• Supplied information:
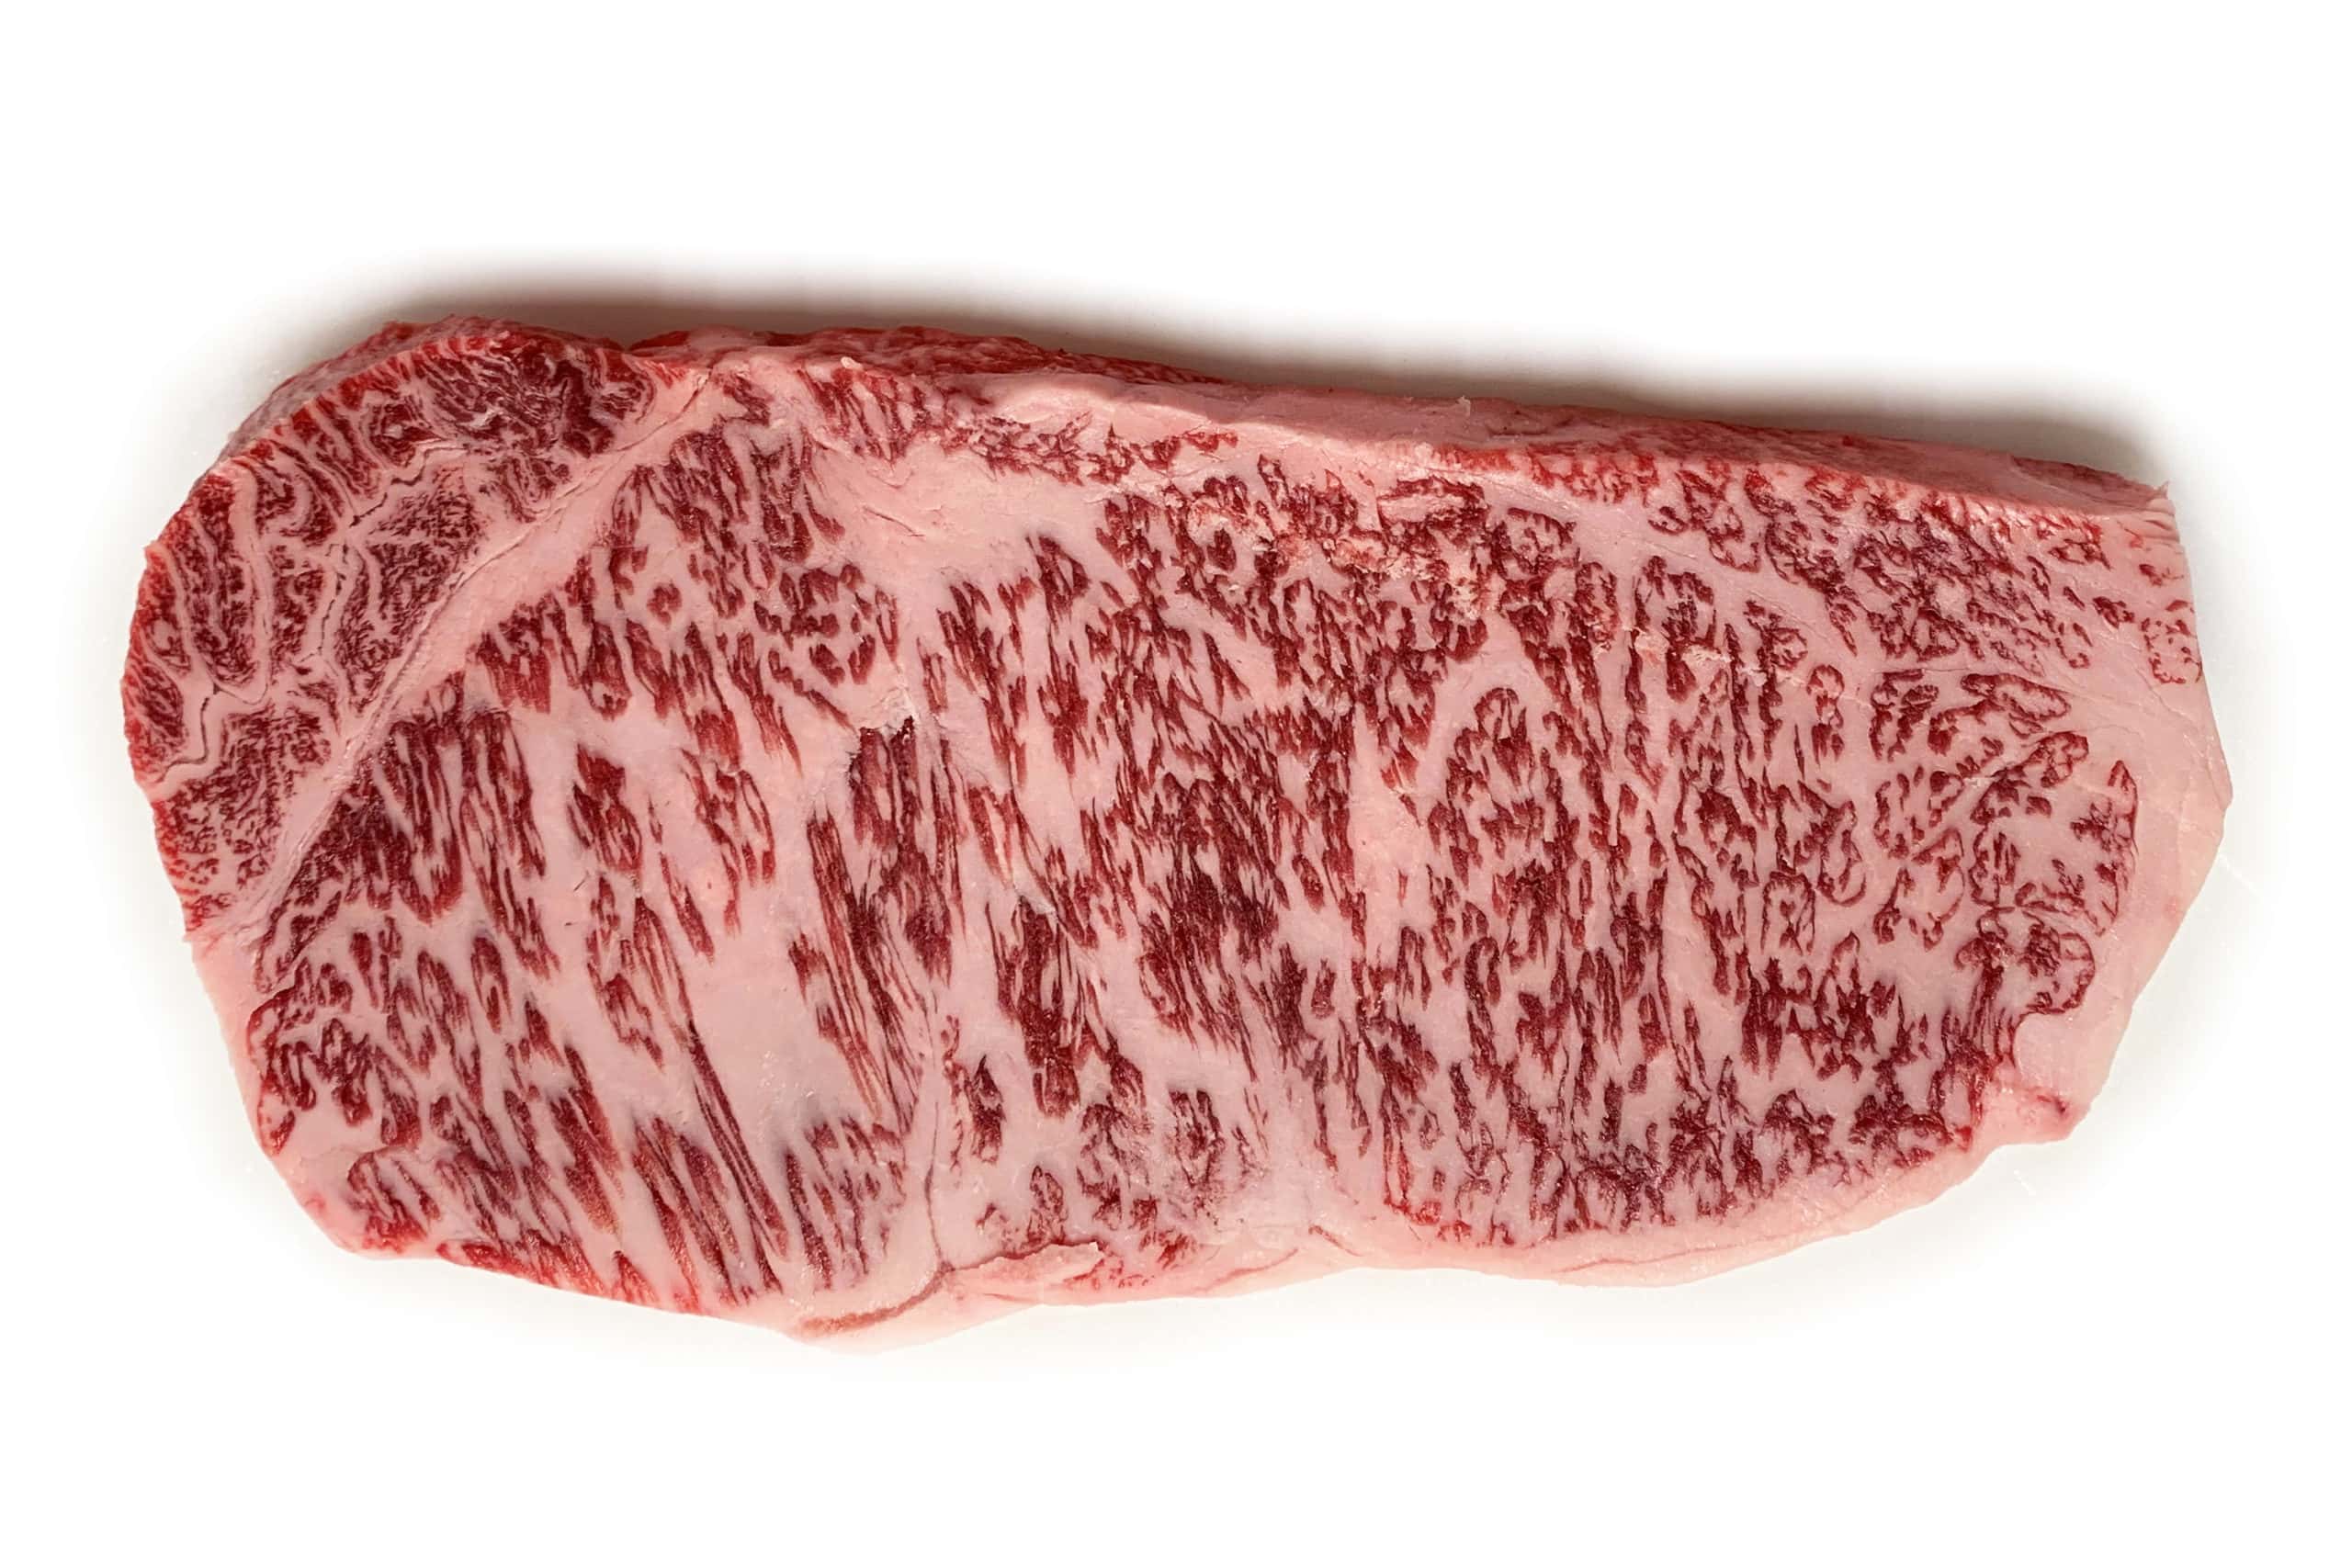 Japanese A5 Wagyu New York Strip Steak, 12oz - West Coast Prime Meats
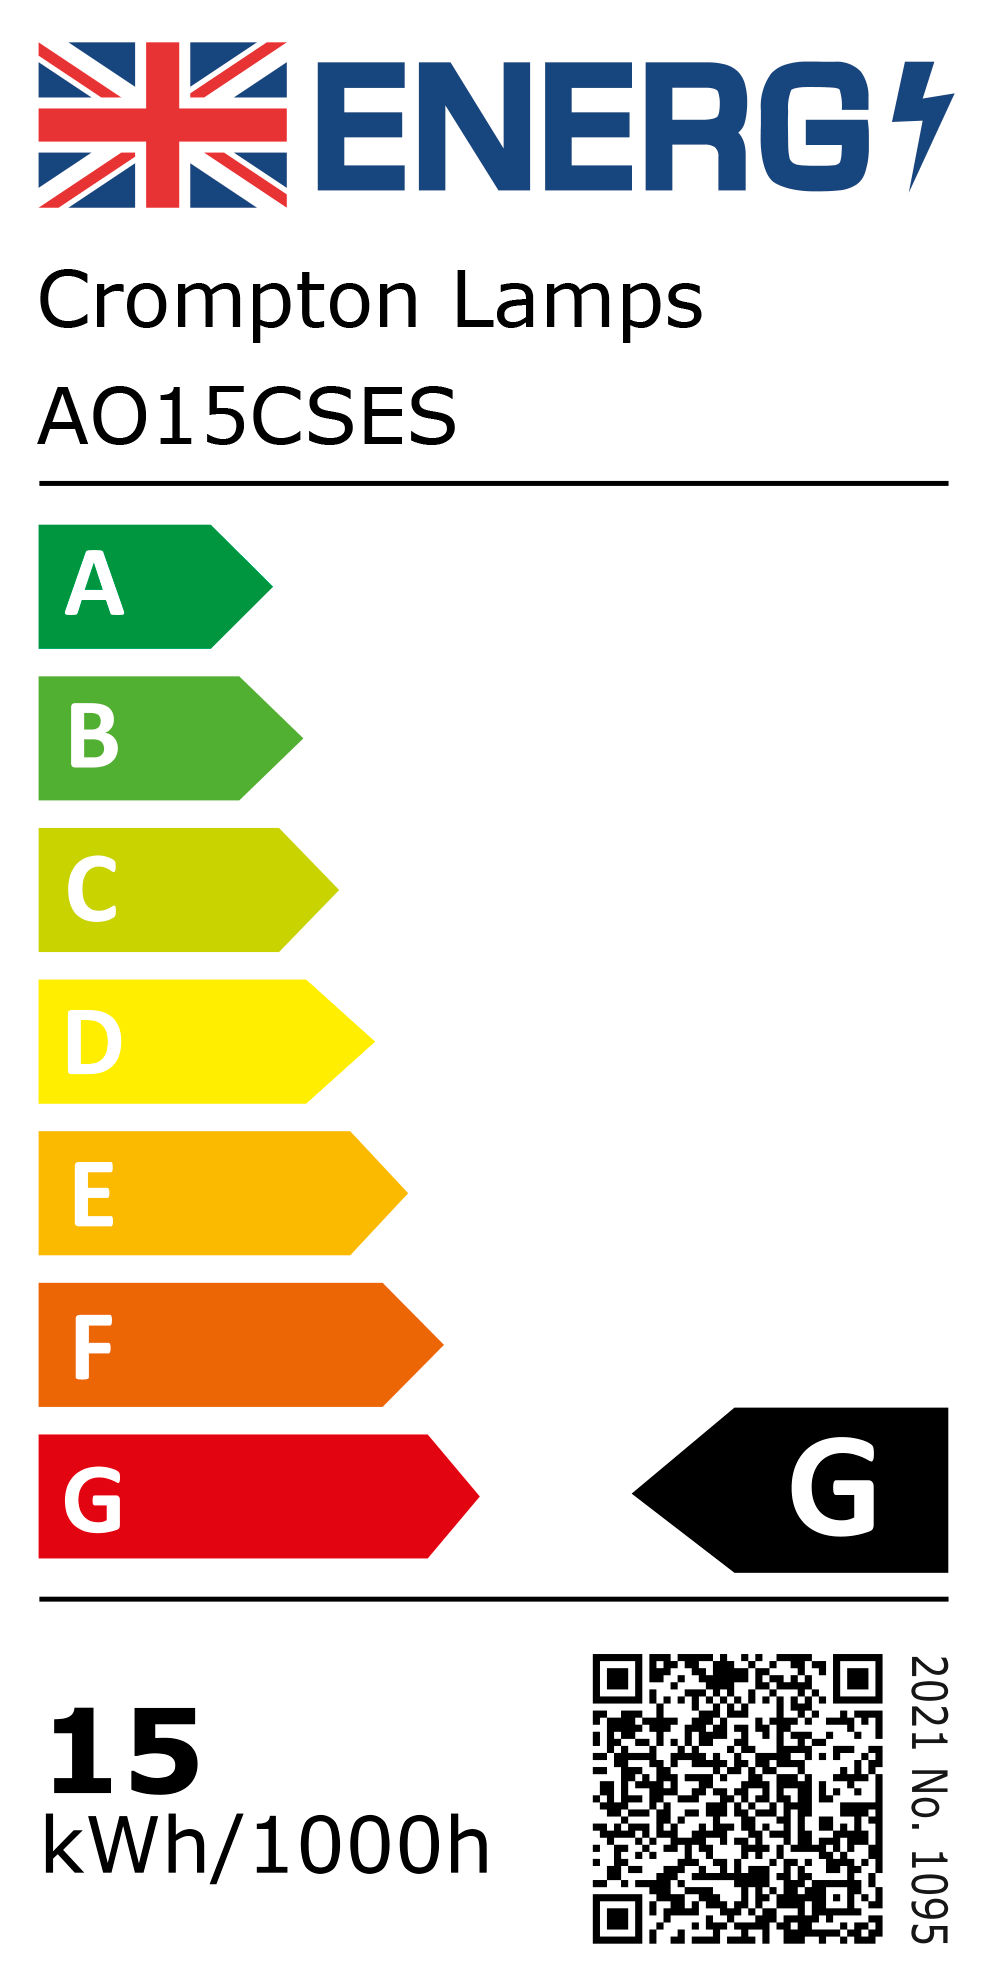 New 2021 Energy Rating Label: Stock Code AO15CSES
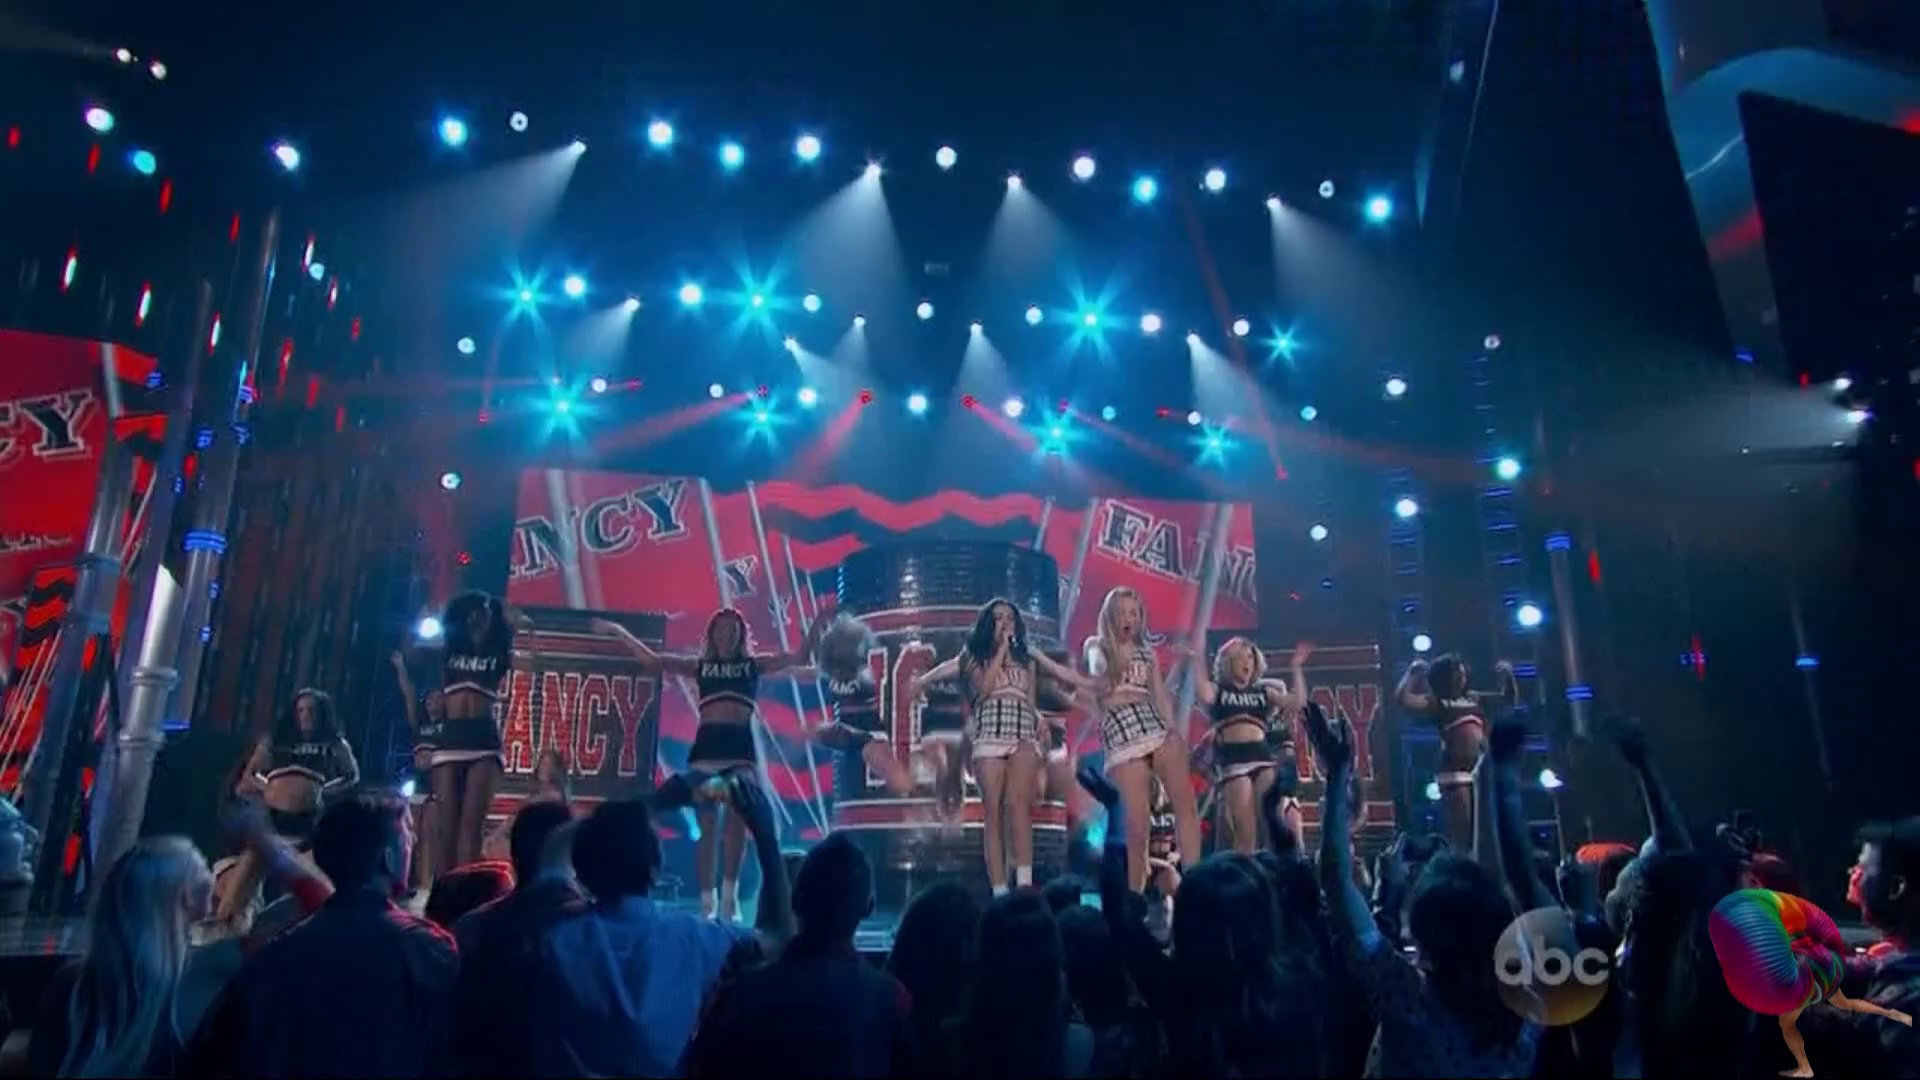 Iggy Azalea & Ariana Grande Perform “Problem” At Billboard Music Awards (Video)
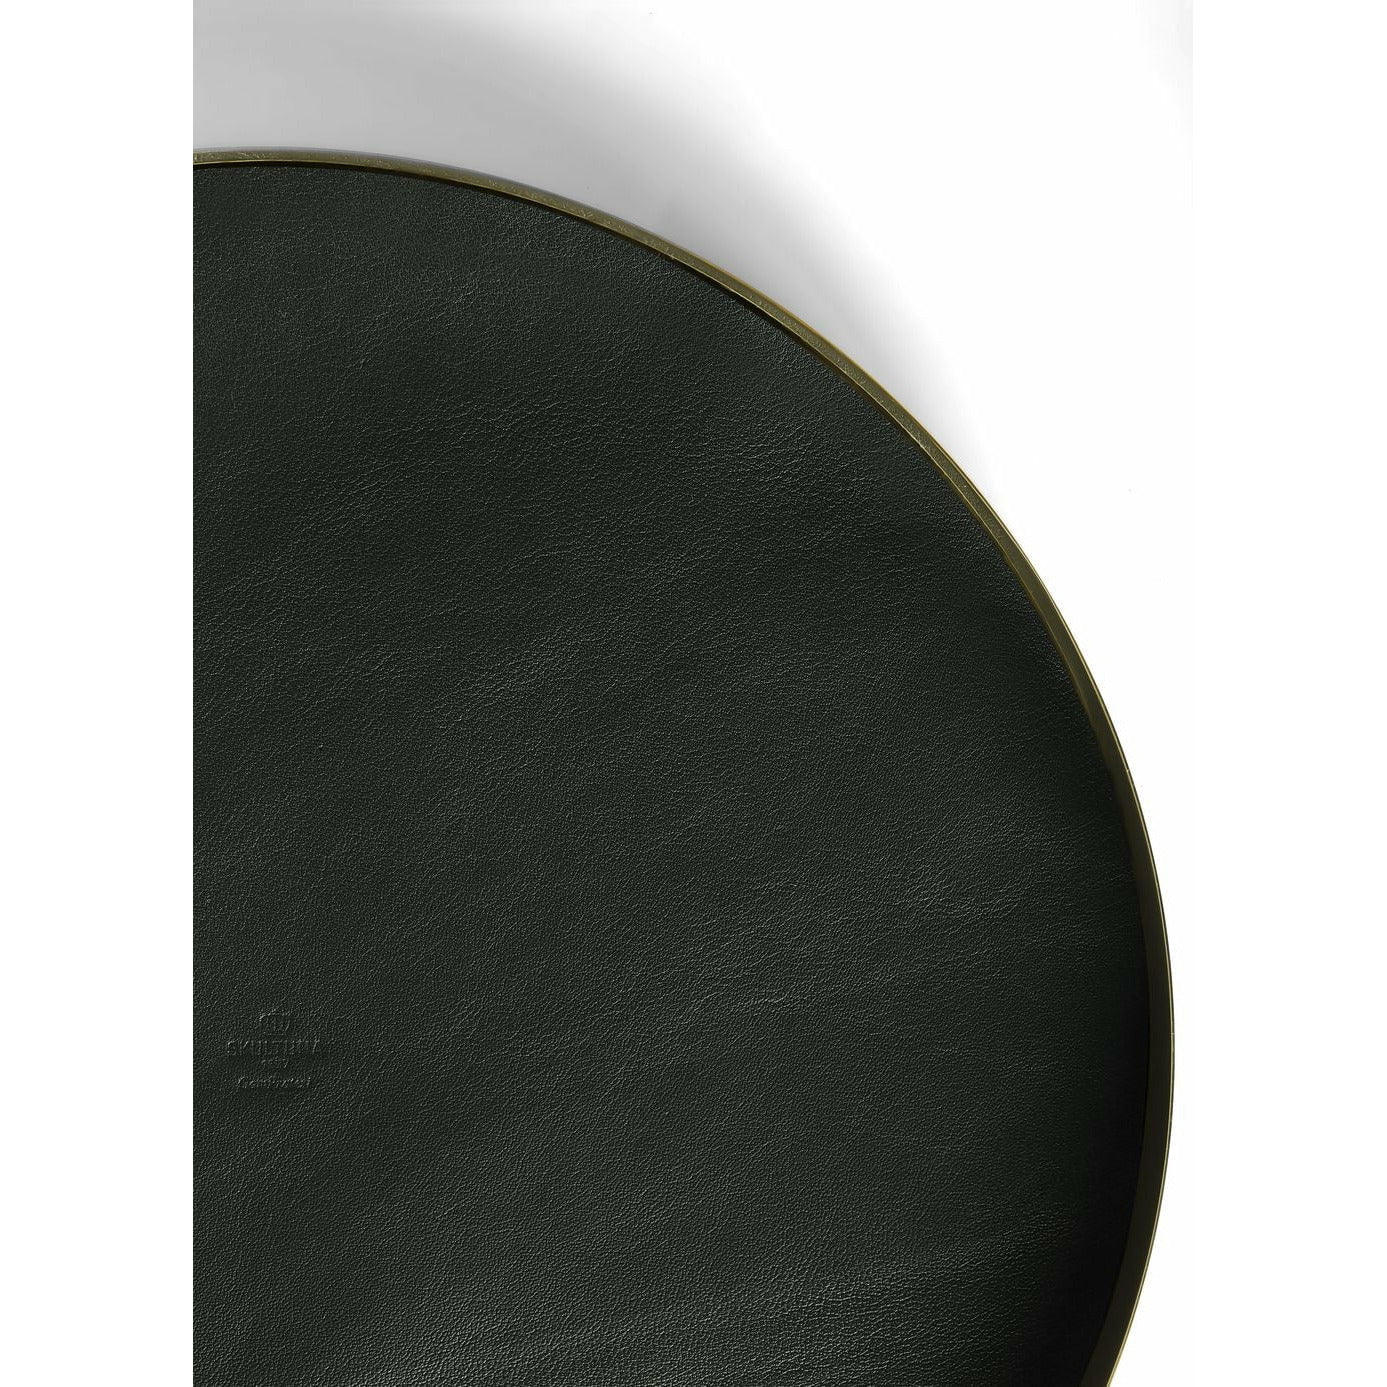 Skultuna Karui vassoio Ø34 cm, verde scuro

• Required work: Since pictures are not part of the copy, set down only the remaining data exactly.

• Task answer:
 Japanese A5 Wagyu New York Strip Steak, 12oz - West Coast Prime Meats
 New 2021 Energy Rating Label: Stock Code AO15CSES
 Iggy Azalea & Ariana Grande Perform “Problem” At Billboard Music Awards (Video)
 Skultuna Karui vassoio Ø34 cm, verde scuro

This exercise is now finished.